Excerpted records Block Start
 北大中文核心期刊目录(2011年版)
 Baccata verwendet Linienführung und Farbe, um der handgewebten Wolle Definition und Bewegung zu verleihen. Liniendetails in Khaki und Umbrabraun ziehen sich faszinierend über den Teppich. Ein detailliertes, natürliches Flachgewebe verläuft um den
Excerpted records Block End
Excerpted records Block Start
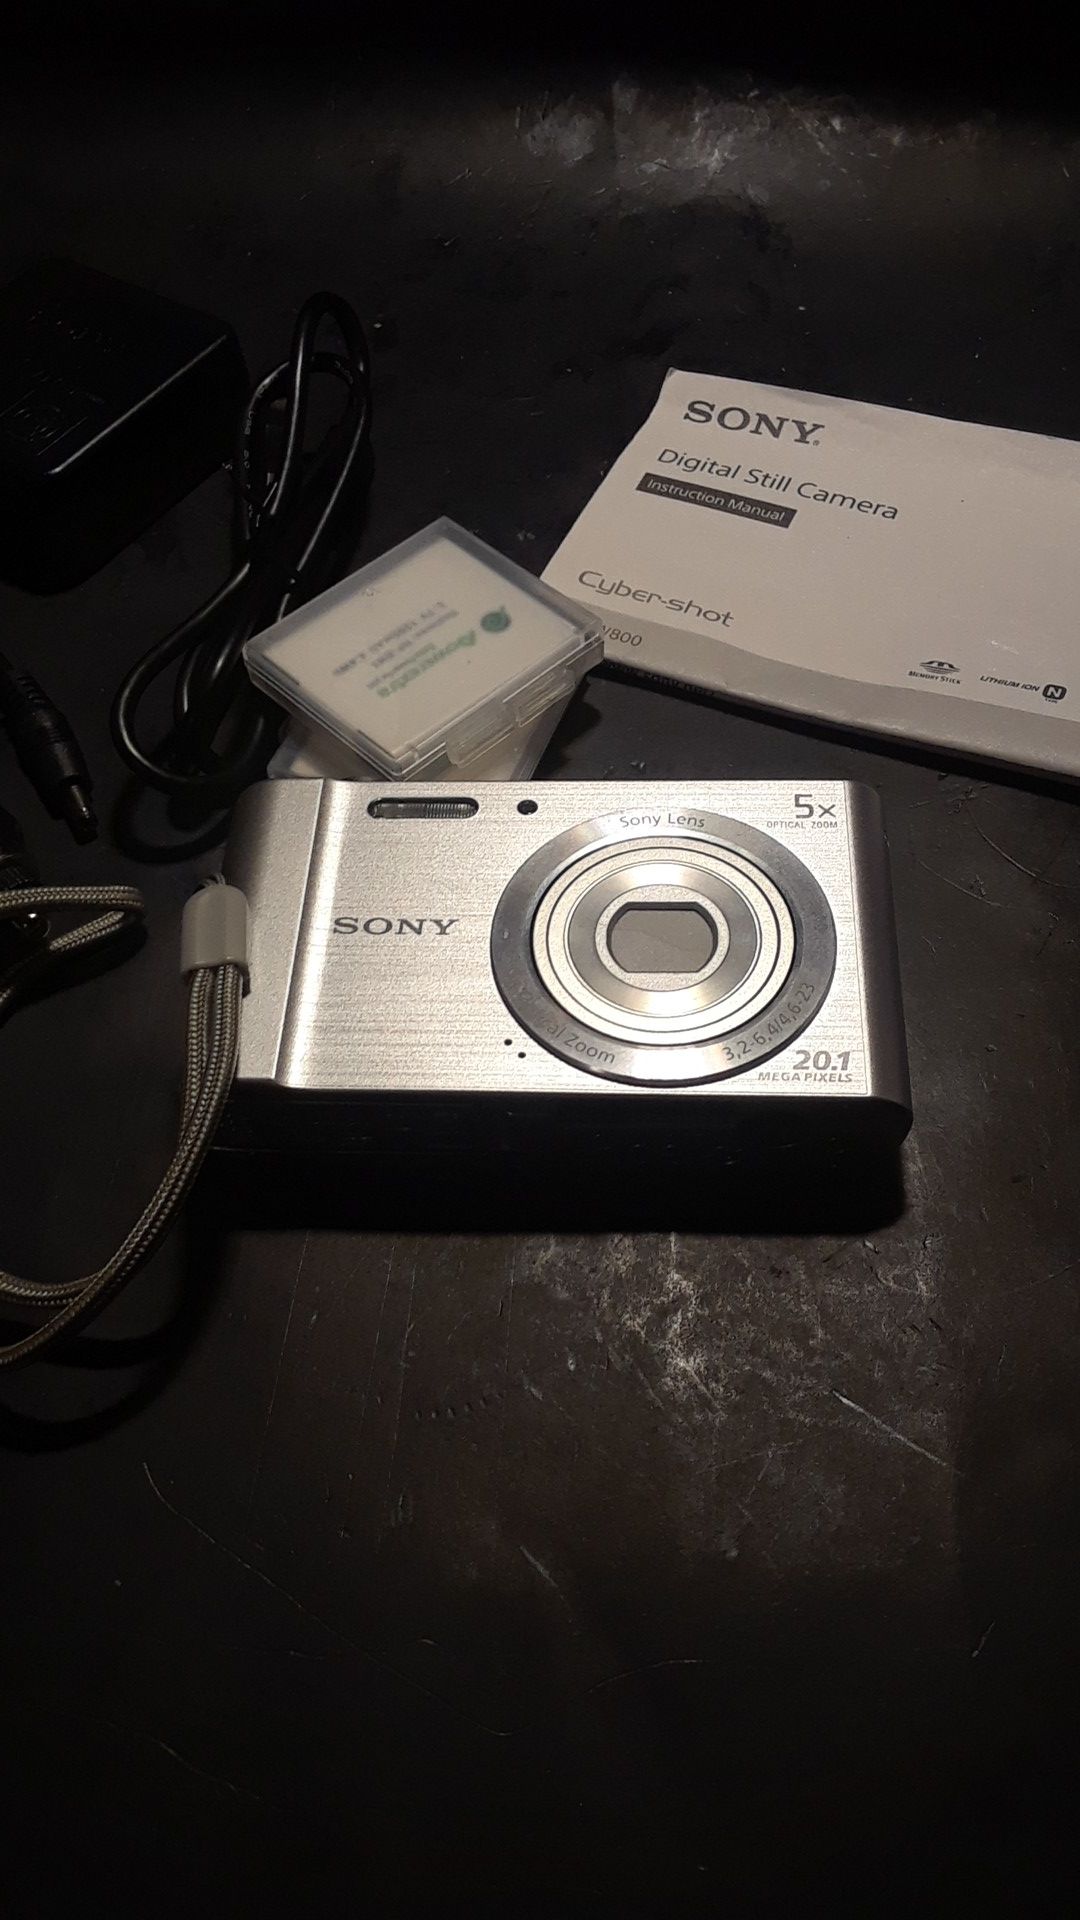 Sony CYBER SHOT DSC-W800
Excerpted records Block End
**What the task requires**
An exact copy of the lines above, from the one containing "北大中文核心期刊目录(2011年版)" through the one containing "Baccata verwendet Linienführung", is the whole of the answer.

**Output**
 北大中文核心期刊目录(2011年版)
 Baccata verwendet Linienführung und Farbe, um der handgewebten Wolle Definition und Bewegung zu verleihen. Liniendetails in Khaki und Umbrabraun ziehen sich faszinierend über den Teppich. Ein detailliertes, natürliches Flachgewebe verläuft um den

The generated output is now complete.